Since the end of the 1970's tea prices have hardly changed which means an effective price decline of 41% between 1970 and 1998. Tea production survives low international tea prices by paying low wages. Labour laws and minimum wages, where they exist, are often not implemented. Enforcement is frequently lax, and sanctions for breaking them so trivial as to hardly affect plantation owners. The implementation of laws is left to employers, for whom the improvement of working conditions is not normally a high priority. Many tea pickers live and work in miserable conditions.
" Our biggest problem is that we have too much to do. In the morning we prepare meals and get the children to school. We have no time even to eat. I have to work very fast,.. We have to carry 10-15 kilos of tea to the weighing place, which can be three quarters of a kilometre away. After work it is the same - we have to do all the cooking and collecting firewood and getting water. We eat rice and one vegetable... Towards the end of every month we find it difficult." Sivapackiam has been picking tea on the same tea estate for 23 years. Her mother and grandmother did the same job before her, and it's a hard life. She takes home the equivalent of 80 pence a day.

 

Facts on Bananas

Fairtrade labelled bananas are available in 12 countries
In Switzerland 20% of all bananas sold carry a FAIRTRADE Mark
Six countries, India, Brazil, Ecuador, Philippines, China and Indonesia, account for 55% of total world production of bananas. The United States, Europe and Japan are the main importing countries.
Bananas are the fifth most important agricultural commodity in world trade.
Banana exports have steadily increased since 1950. To meet the increase in exports, particularly since the 1980's, an increased amount of fertilisers and pesticides have been used. Of the 11 million litres of fungicide, water and oil emulsion applied by aeroplanes each year on banana plantations, 90% is lost to wind drift, ends up in the soil or is washed off by rain. For every tonne of bananas shipped, two tonnes of waste is left behind, not least of which are the mountains of plastic bags sprayed with herbicides.
Current banana production methods & standards cause an enormous human and environmental cost. The work is very often dangerous and workers rights have been slowly eroded with increased competition, led by the four largest fruit companies. Workers therefore are paid lower salaries, paid to work longer hours, increased persecution for trade unionism, redundancies without benefits, squalid housing and generally low quality of life.

Facts on Coffee

" Coffee is second only to crude oil as the world's most highly traded commodity"

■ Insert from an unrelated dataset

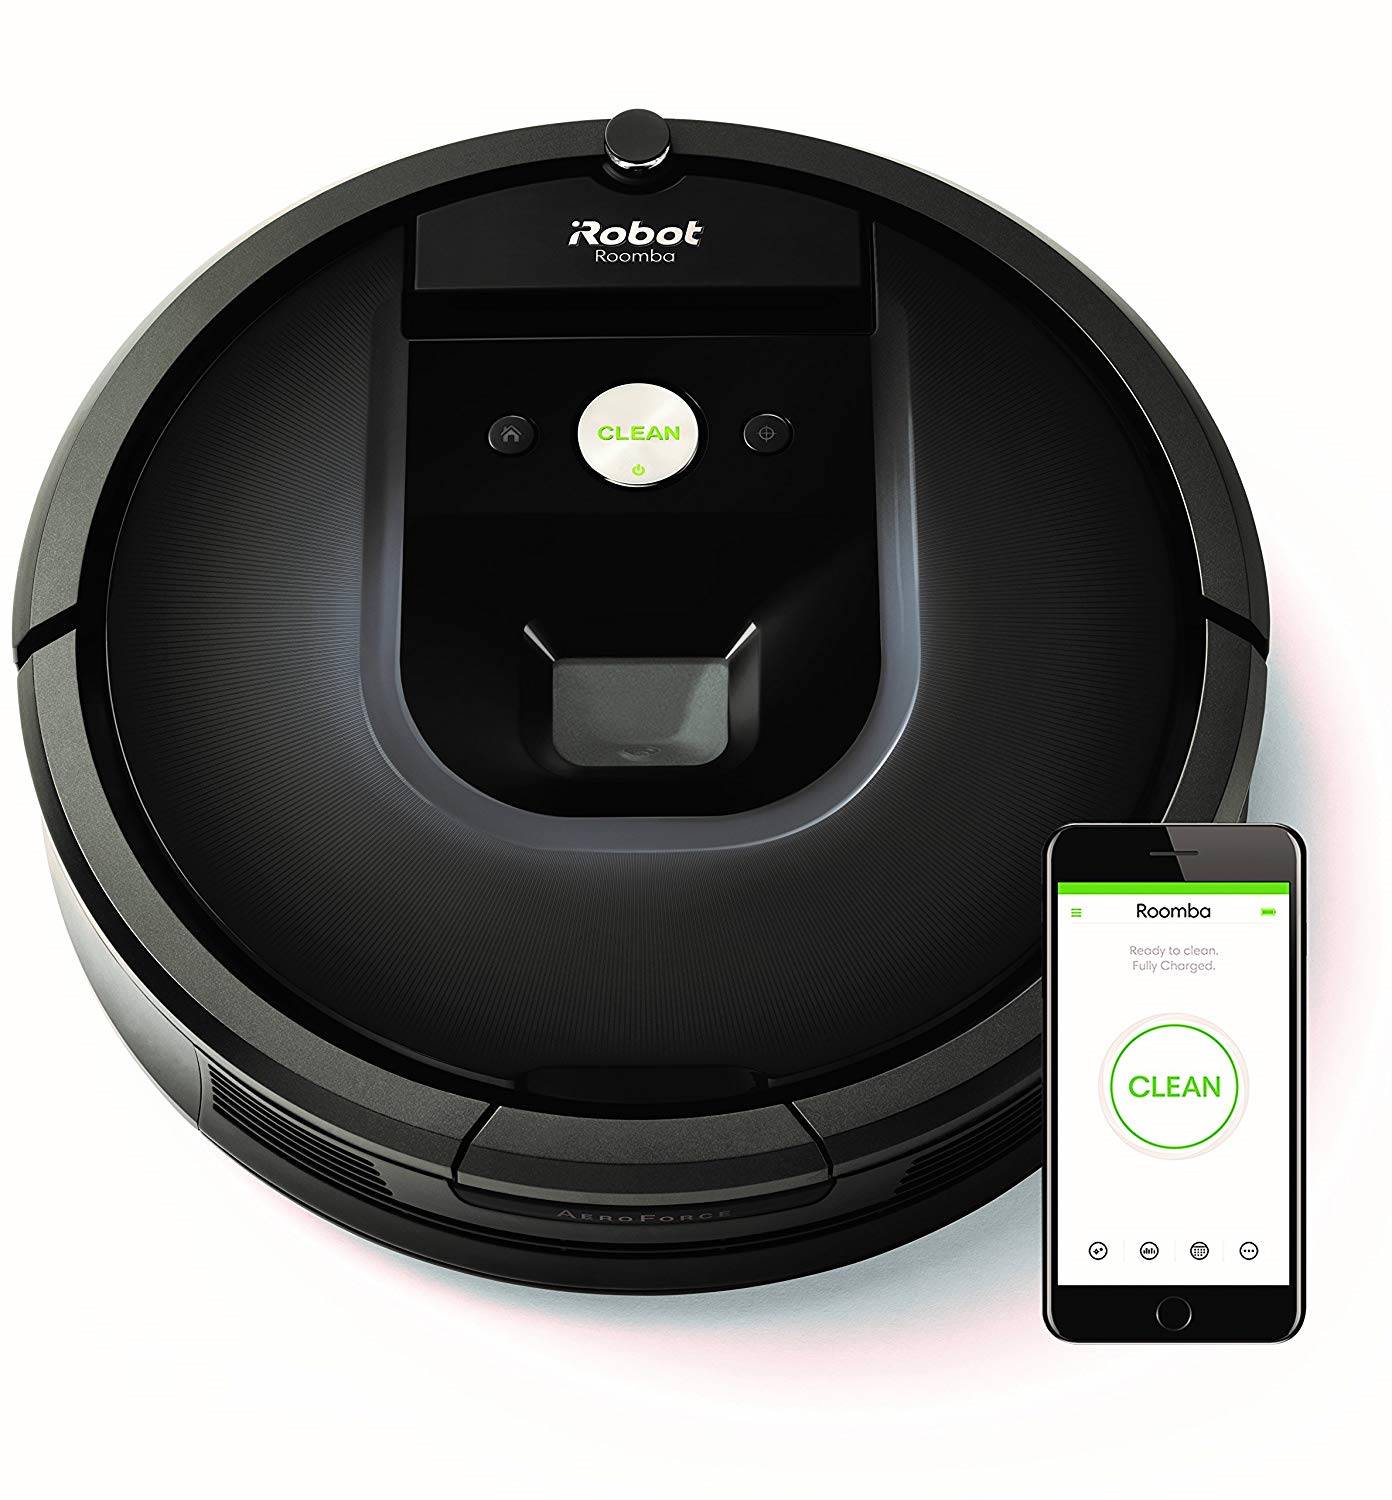 Roomba de iRobot: el aspirador por el que todos suspiran

"Seventy per cent of the world's coffee is grown on farms of less than 10 hectares. The vast majority is grown on family plots of between one and five hectares"

"There are 171 Fairtrade-certified producer organisations in 23 countries throughout the world"

The economies of some of the poorest countries in the world are highly dependent on trade in coffee. The price paid to African, Latin American and Asian farmers for their coffee - both robusta and arabica beans - is appallingly low. In 1997 prices began a steep decline, hitting a 30-year low at the end of 2001. Taking inflation into account, this means that the money farmers make from coffee can only buy one-quarter of what it could 40 years ago and is the lowest real price that farmers have been paid in 100 years. The current world market price does not cover farmers' costs of production, it comes as a shock to realise that there is "poverty in your coffee cup".
" You can be helping someone all your life but nothing changes. Tell more people that we are producers who are capable of change. It is a worldwide movement which aims to reduce the injustice of the imbalance between rich and poor… The coffee is produced by capable people and we would like consumers to recognise the value of what we are doing."